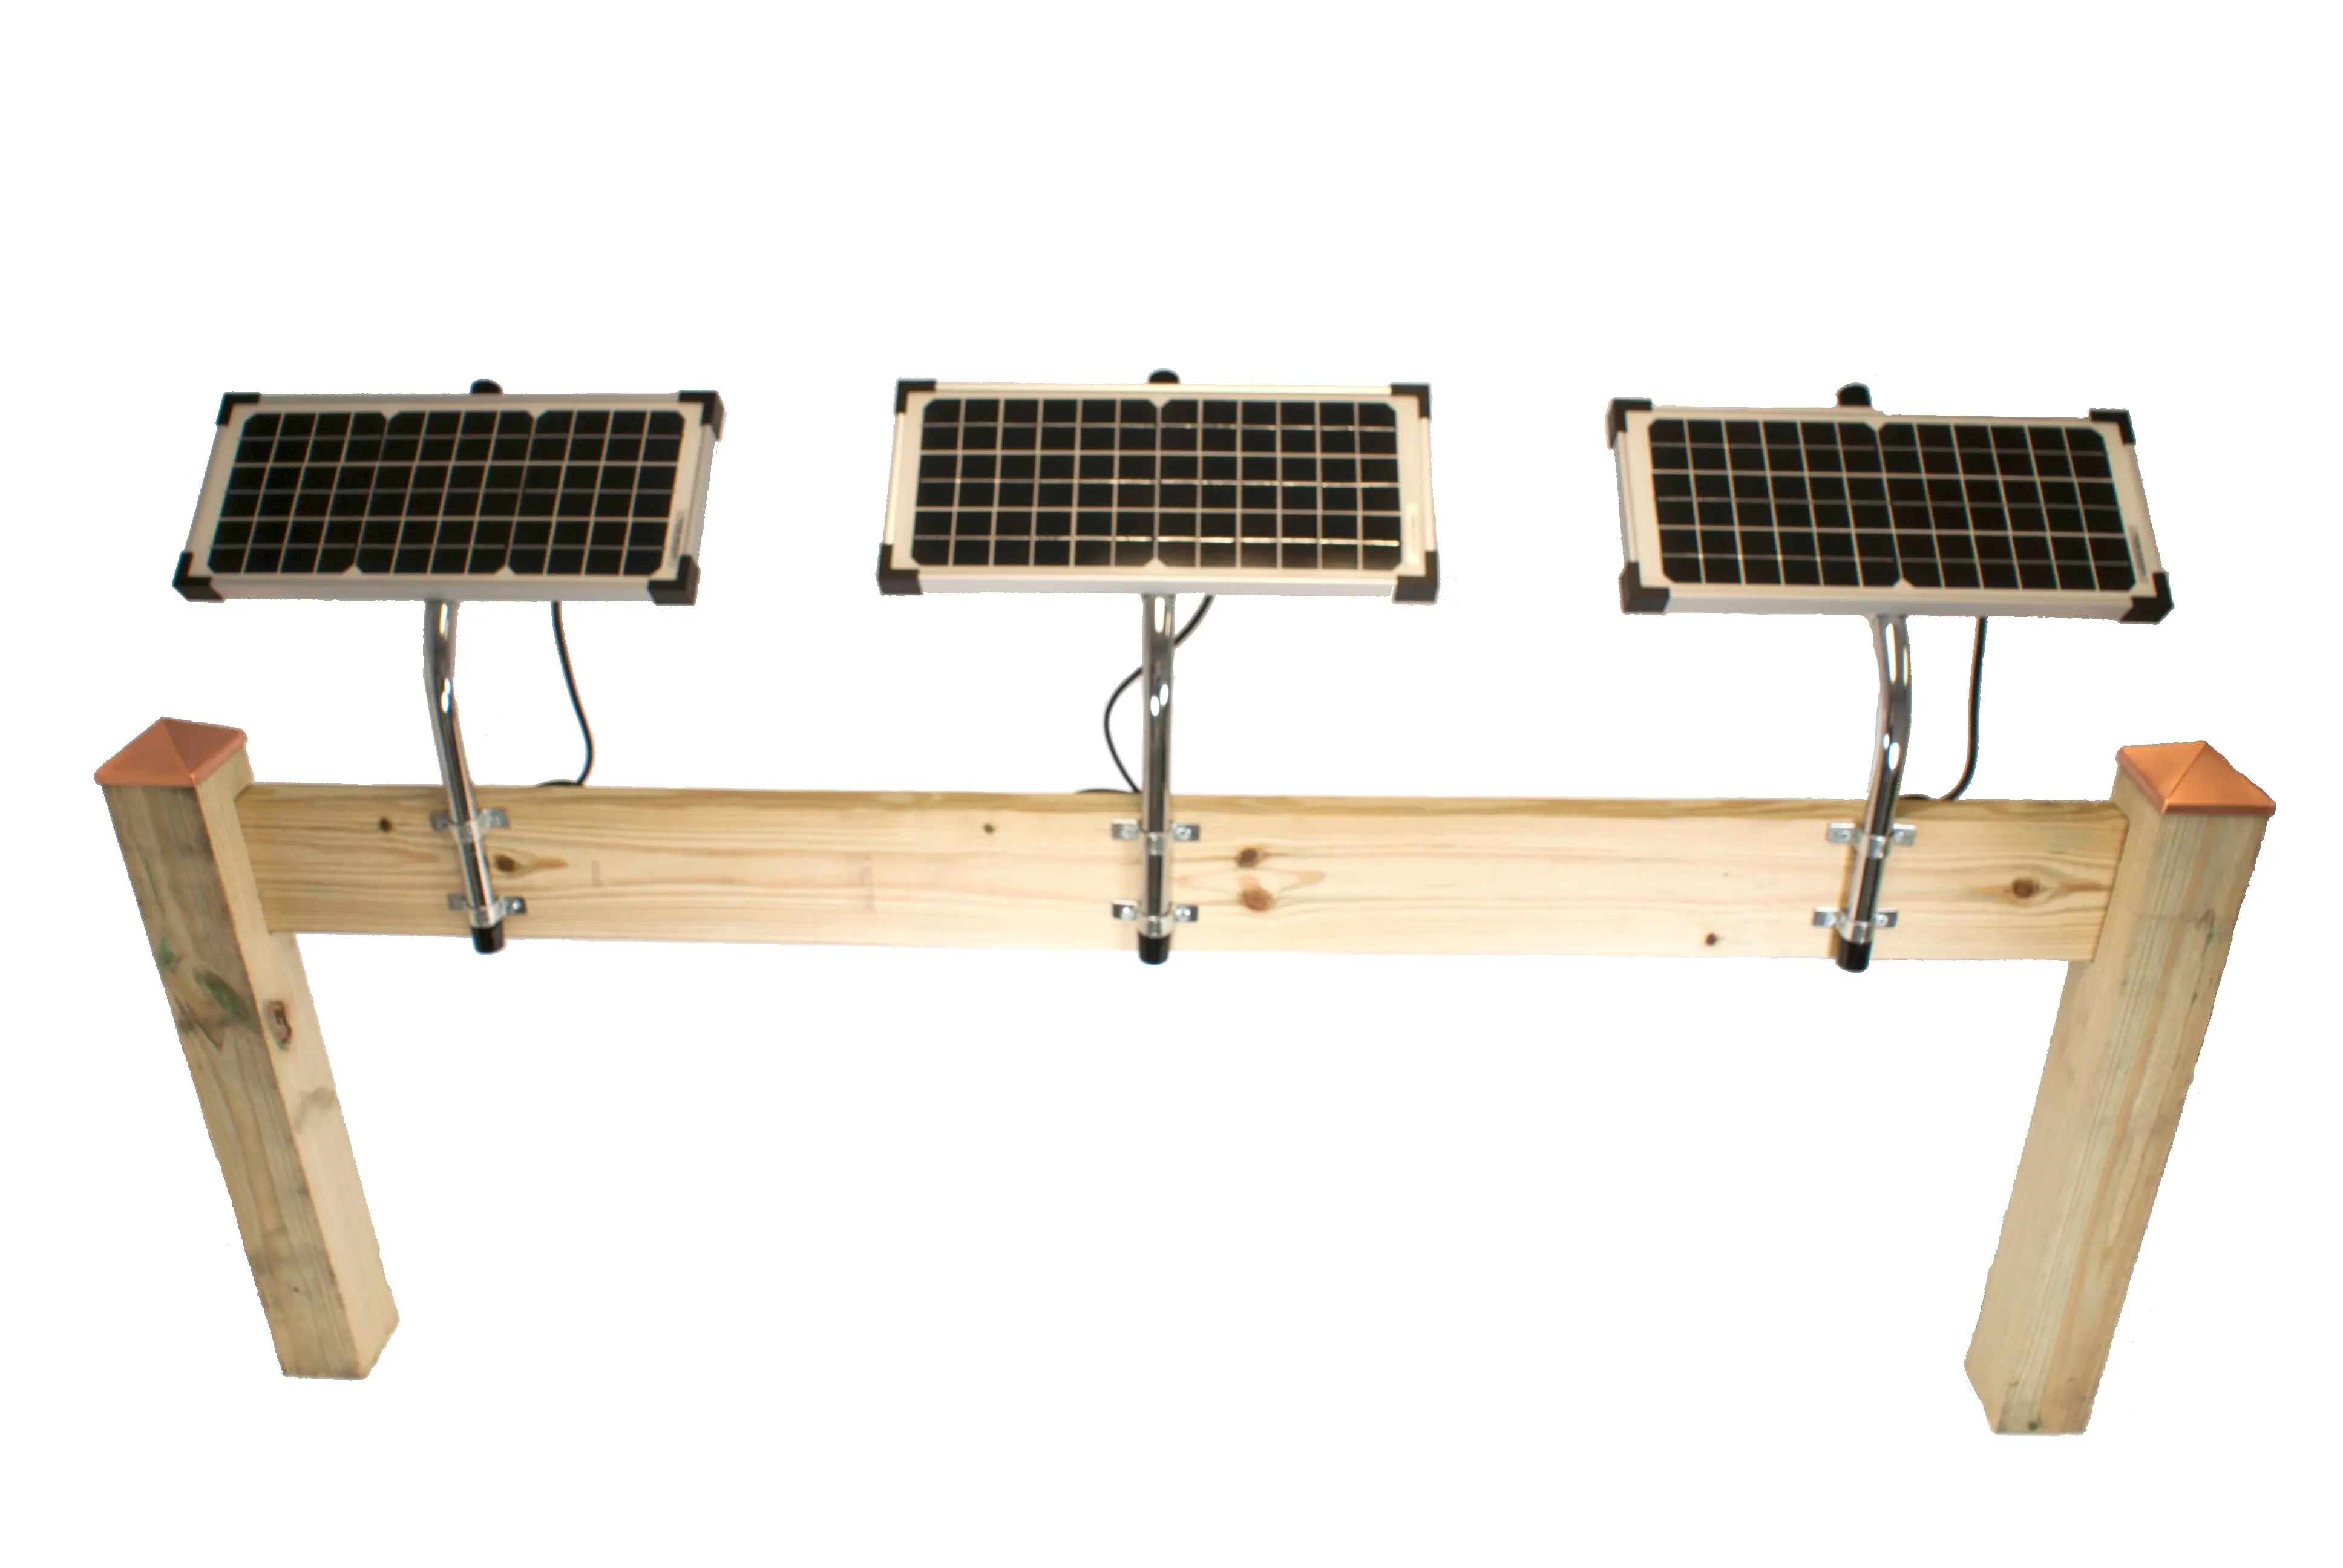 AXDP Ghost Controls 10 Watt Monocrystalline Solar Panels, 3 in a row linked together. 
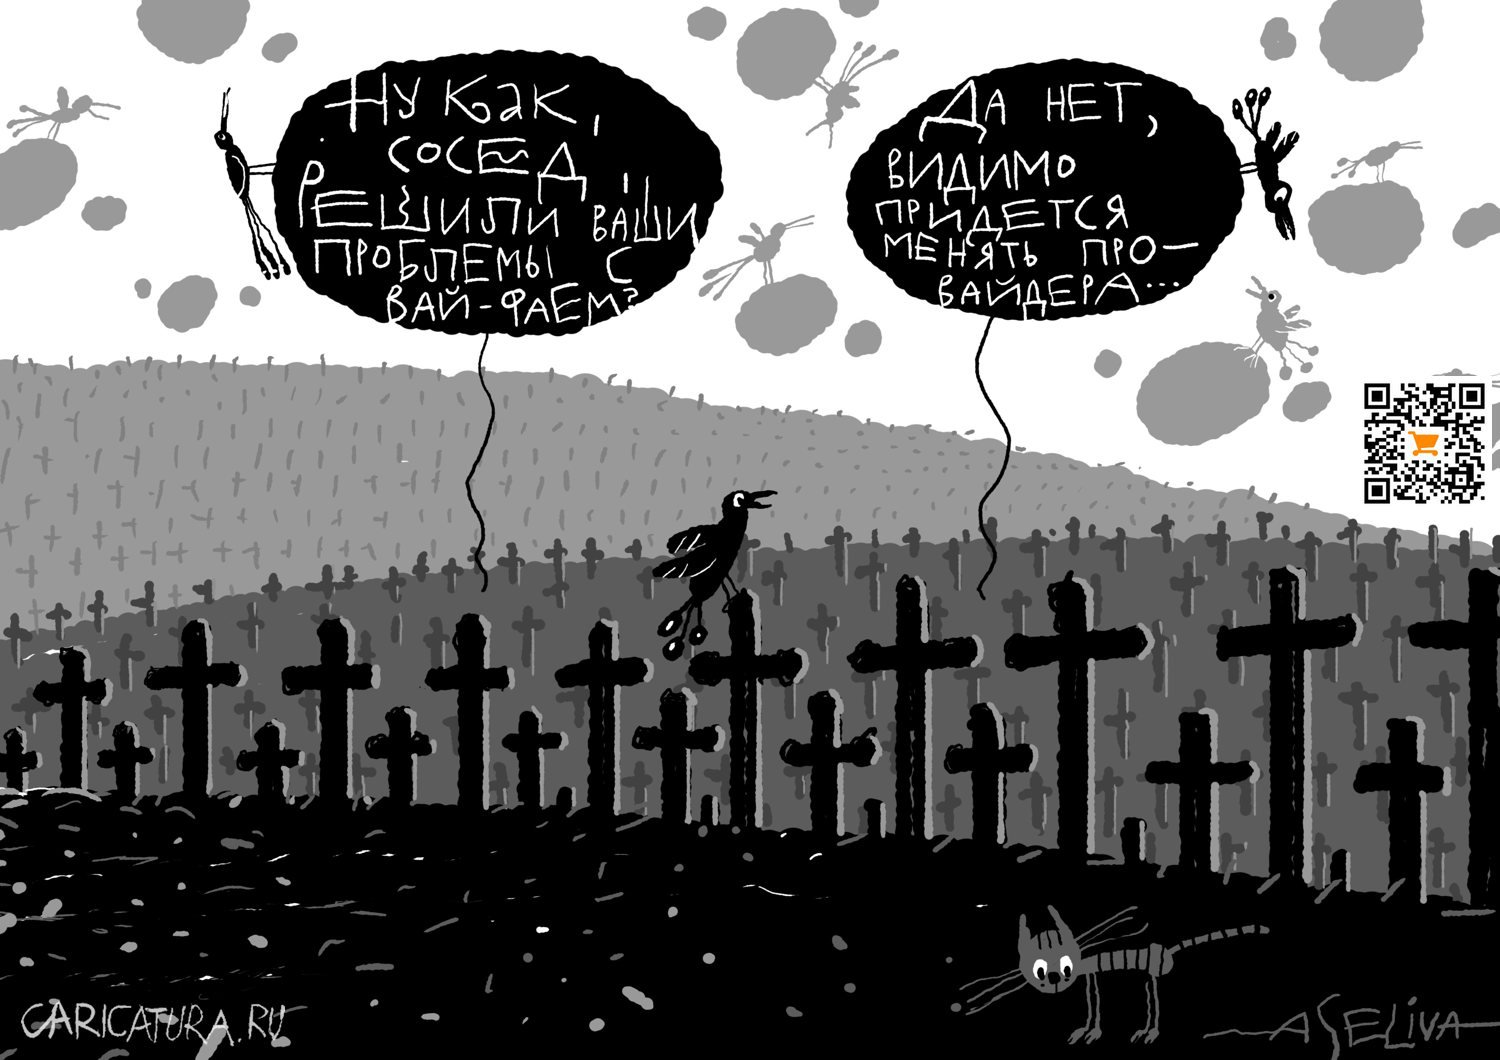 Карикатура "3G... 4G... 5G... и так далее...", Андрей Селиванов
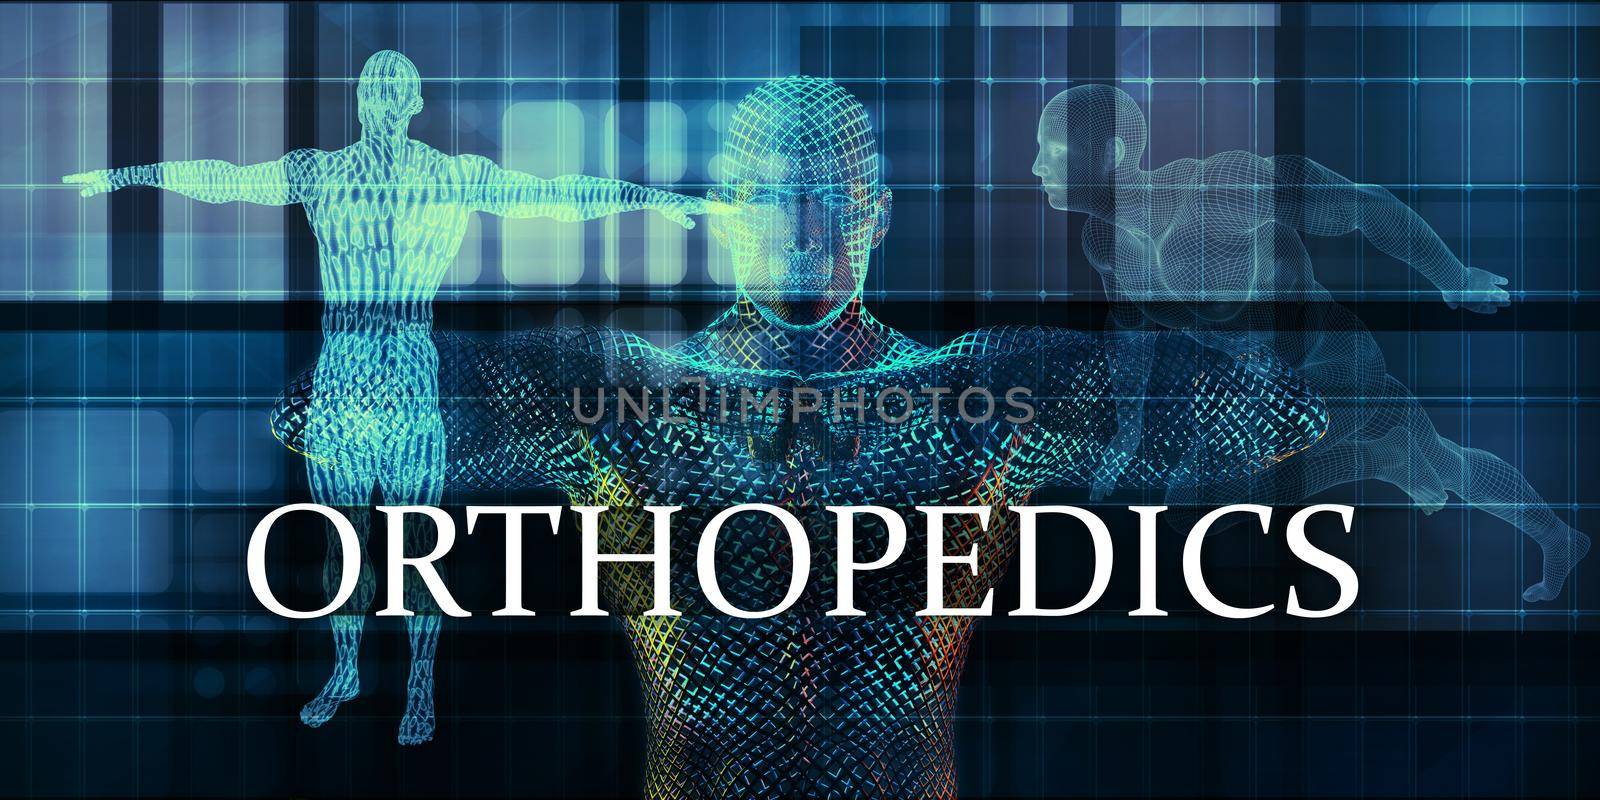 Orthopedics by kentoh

• _Work instruction_: Pictures aside, reproduce all of the material above without alteration.

• _Response to this exercise_:
 AXDP Ghost Controls 10 Watt Monocrystalline Solar Panels, 3 in a row linked together. 
 Карикатура "3G... 4G... 5G... и так далее...", Андрей Селиванов
 Orthopedics by kentoh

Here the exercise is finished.